Diversas corrientes de izquierda al interior de Morena están demandando la convocatoria a un Congreso que haga un balance crítico de sus debilidades. Reclaman que debe elegirse democráticamente una nueva dirección, comprometida con los movimientos sociales y que adopte una postura crítica ante temas fundamentales, como el de una lucha más consecuente contra la corrupción, fincar responsabilidades penales a los expresidentes de la República o de terminar con la violencia e impunidad de los grupos criminales.
El resultado general de este proceso electoral confirma lo que viene expresando López Obrador retomando a Gramsci: «lo viejo no acaba de morir y lo nuevo no termina de nacer». El problema es cómo evitar que lo nuevo nazca prematuramente o se tarde demasiado. En ambos casos, el resultado es fatal para todo proceso de transición.
Esa alternativa es posible, pero no caerá como maná del cielo. Habrá que construirla conscientemente.

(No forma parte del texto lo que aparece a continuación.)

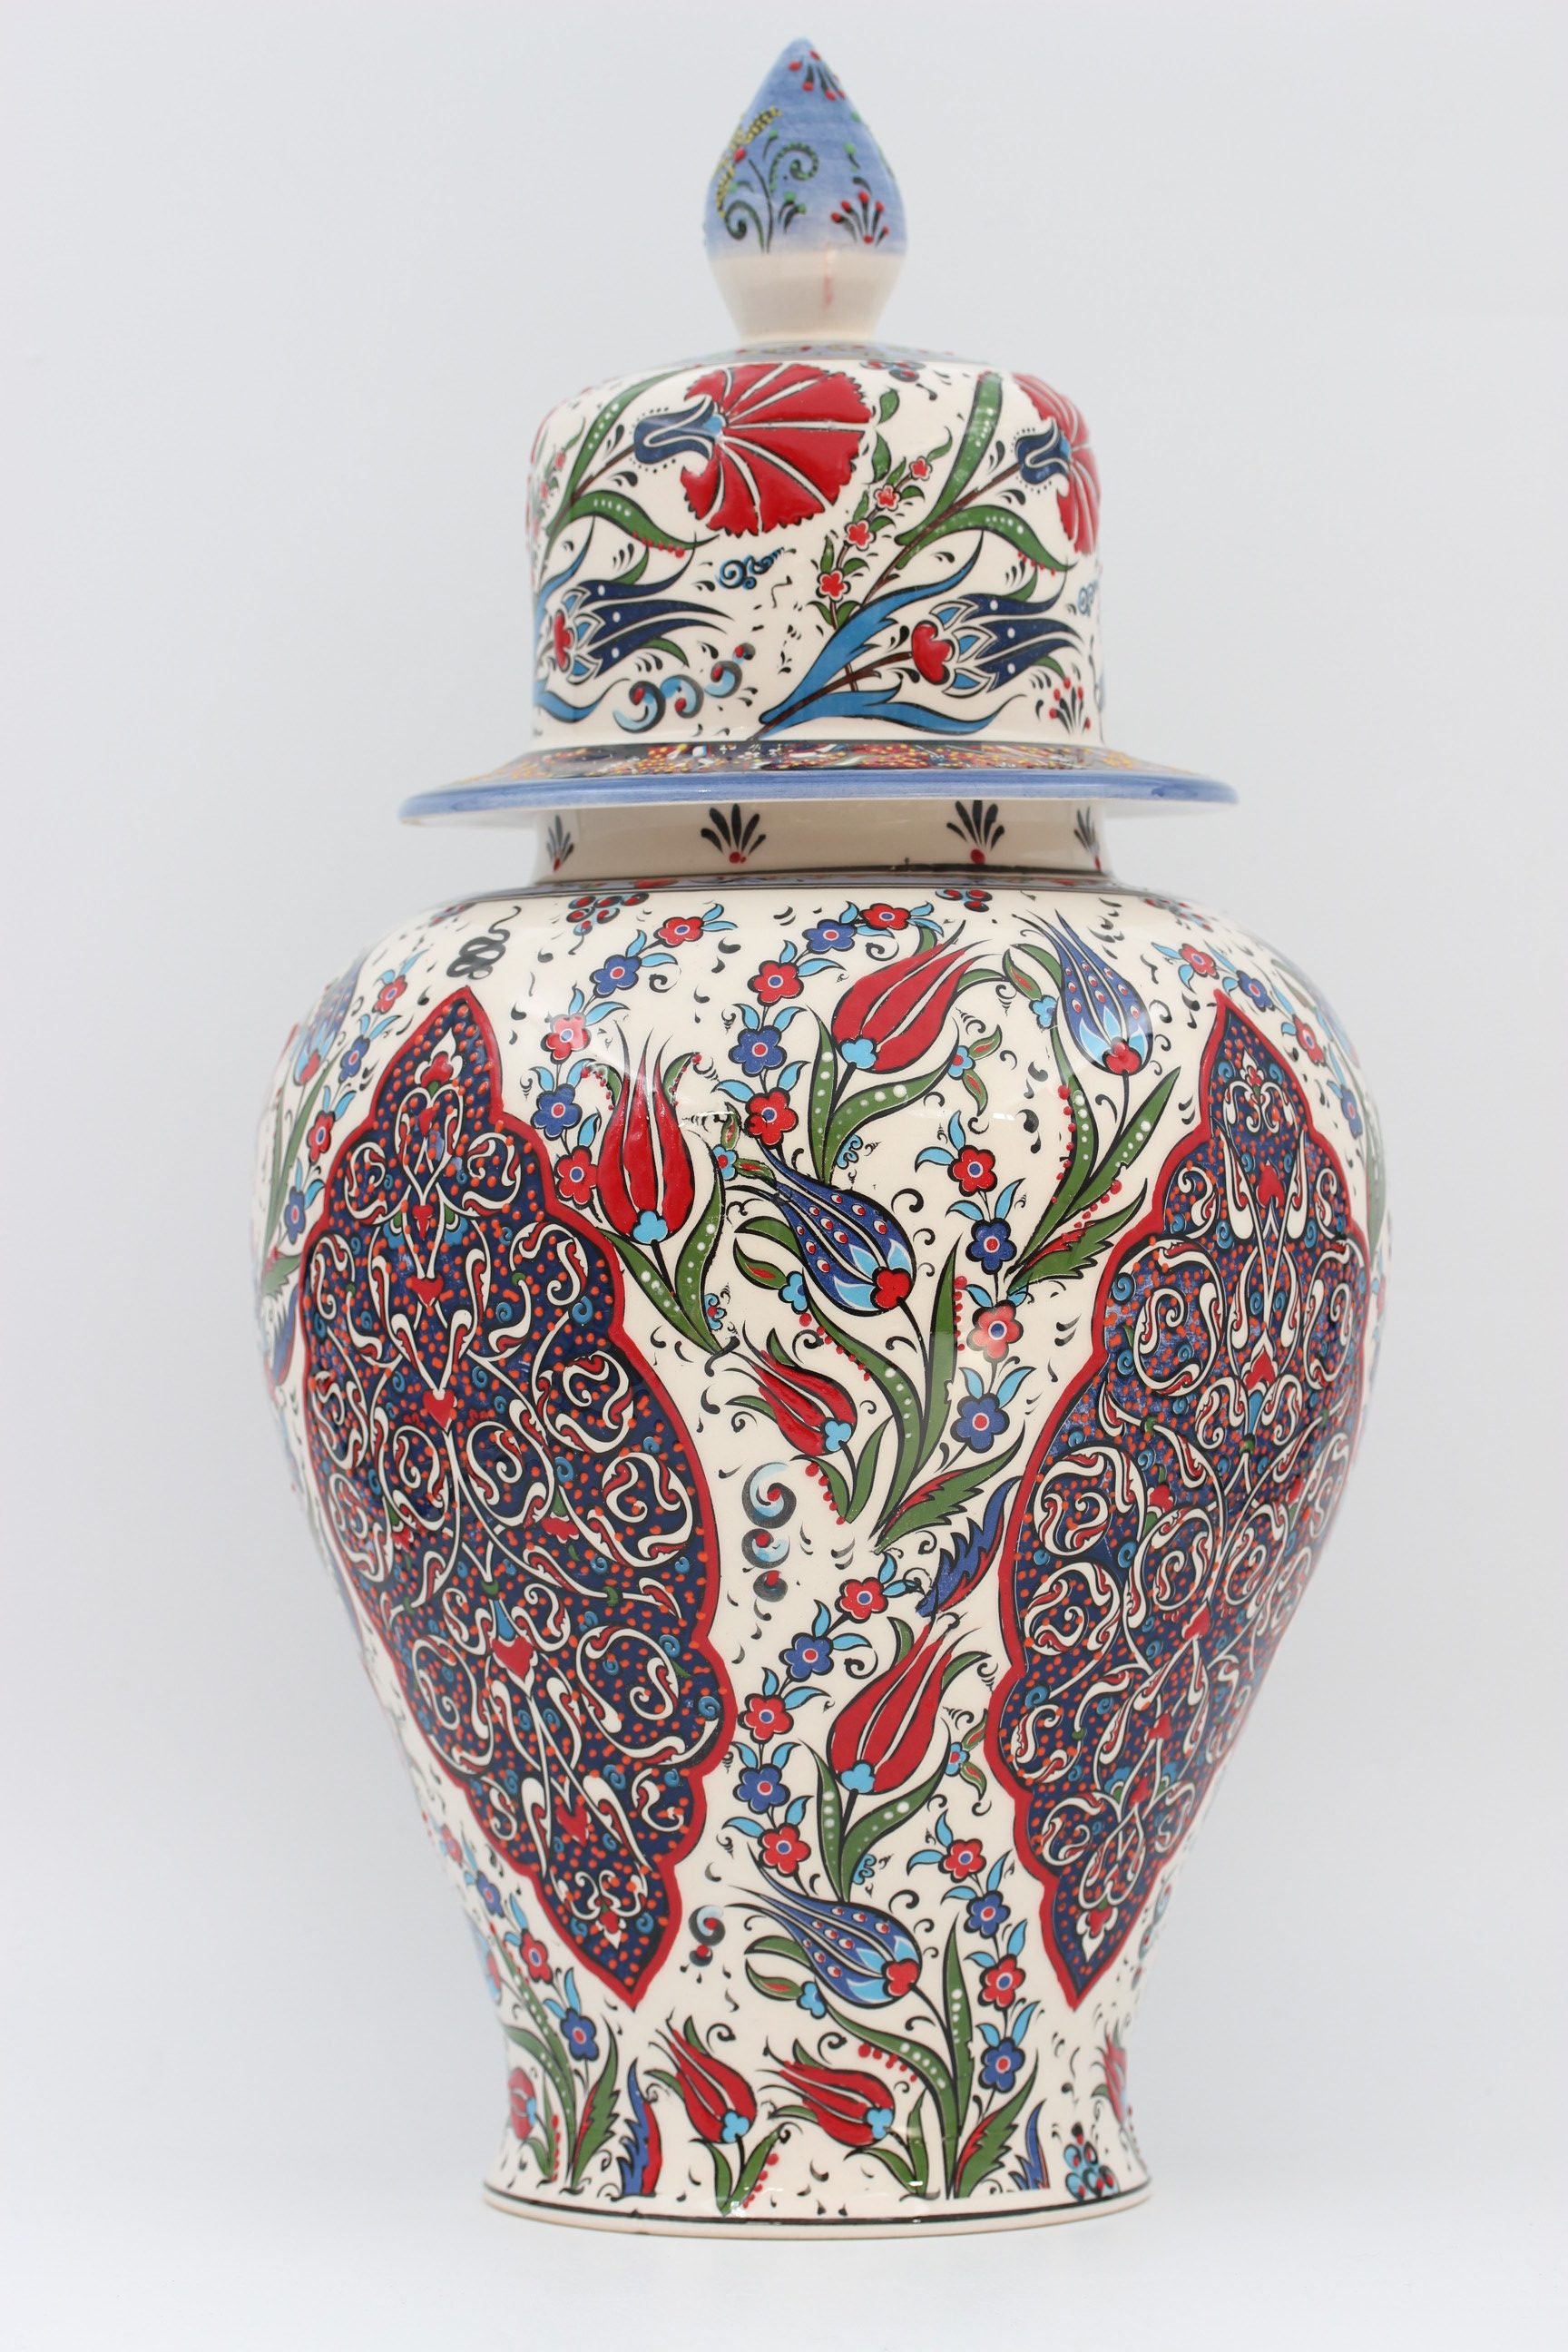 Cm Hand Made Turkish Ceramic Shah Vase In Tulip Design Nirvana
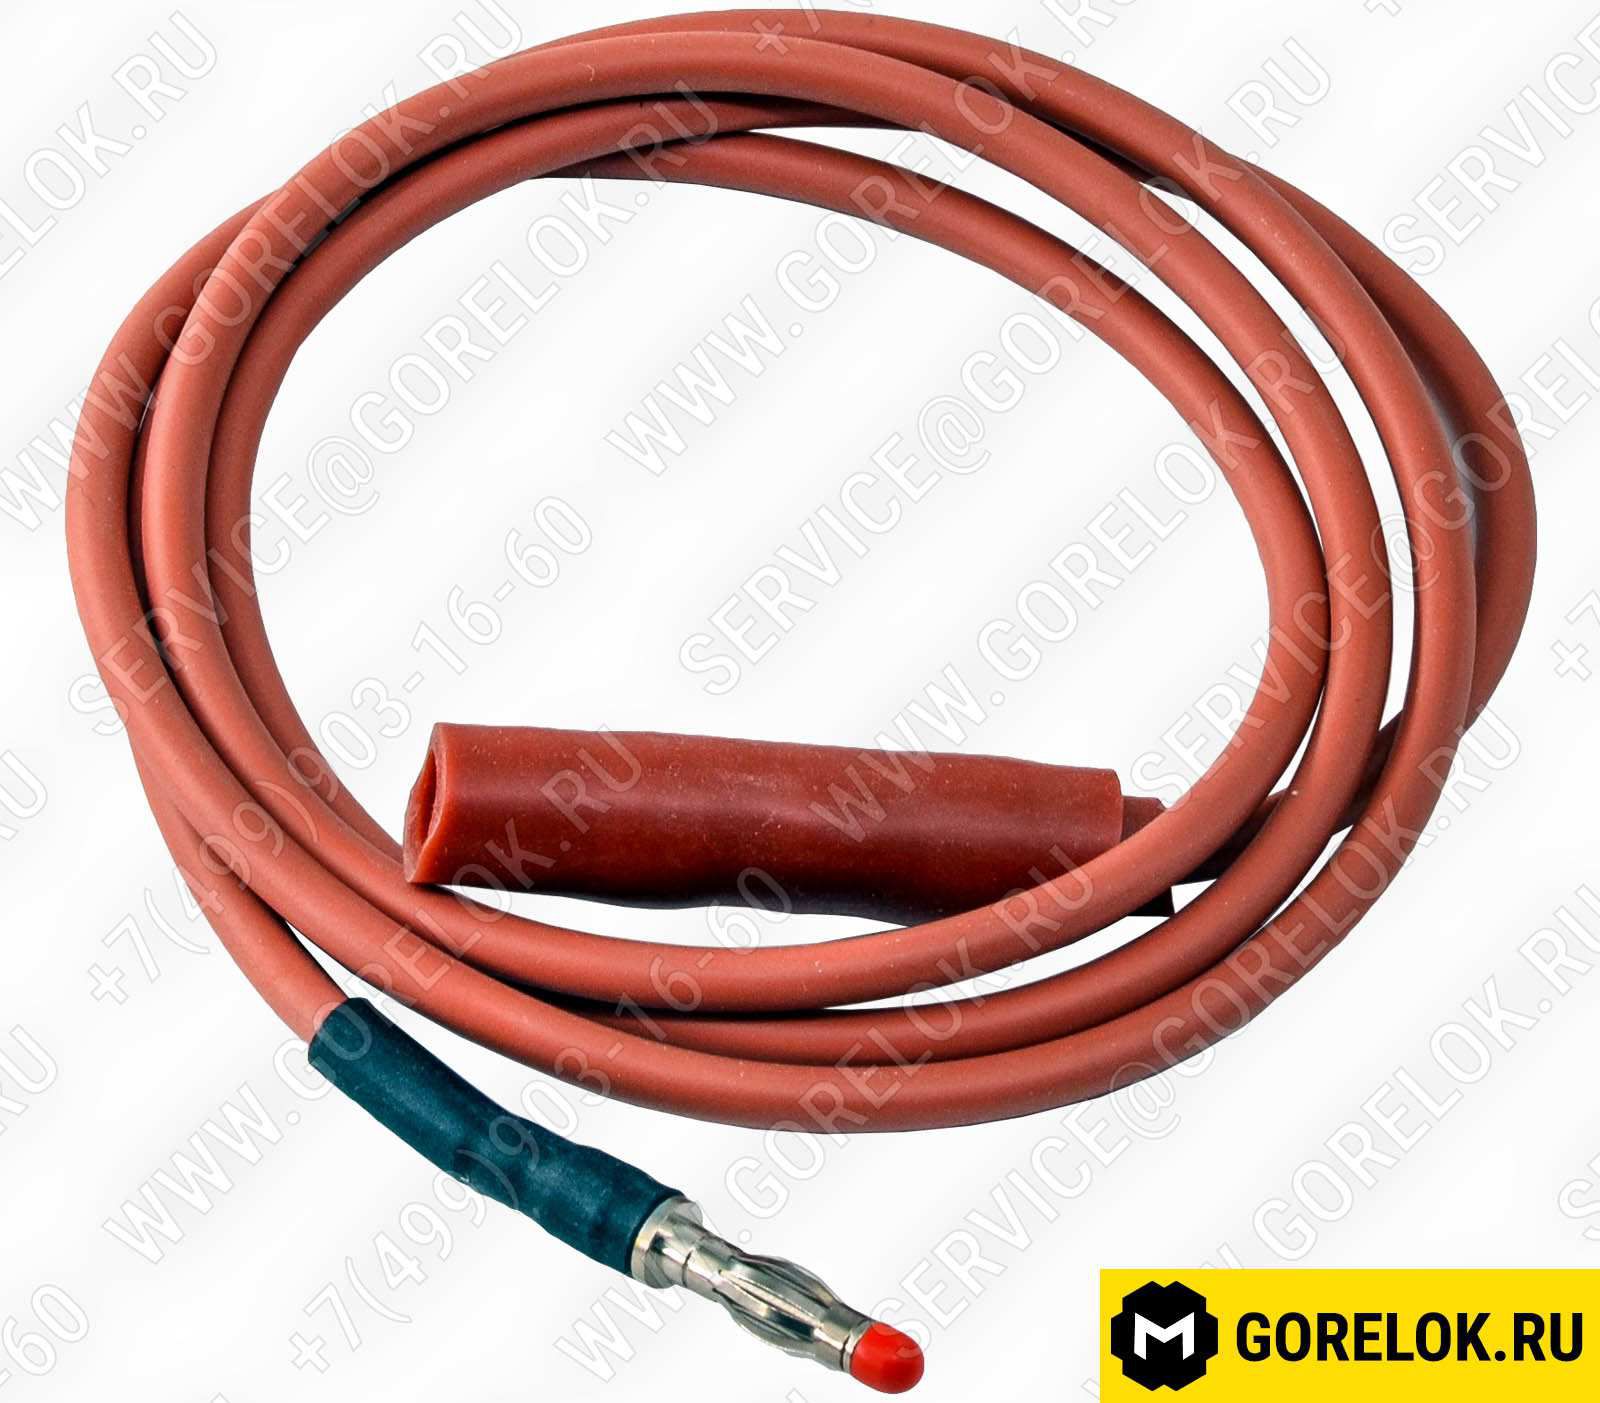 653010126 Новые поступления: Conn. cable 2 X 0.75 23030012062

La desobediencia de amplios sectores de Morena a las imposiciones de su dirección, su gran espíritu de sacrificio por una causa que considera progresista, su disposición a ligarse a los movimientos sociales y retomar sus demandas (como la suspensión del pago de la deuda pública, un impuesto progresivo a las grandes fortunas, la renacionalización del sector energético o la Renta Básica Universal) y la elección, aunque muy minoritaria, de auténticas candidaturas de izquierda, ofrecen esperanzas en ese sentido.
Unificar y articular la agenda de la izquierda radical —dentro y fuera de Morena— con la de los movimientos sociales constituye, sin lugar a dudas, la clave para romper el nudo gordiano que nos paraliza.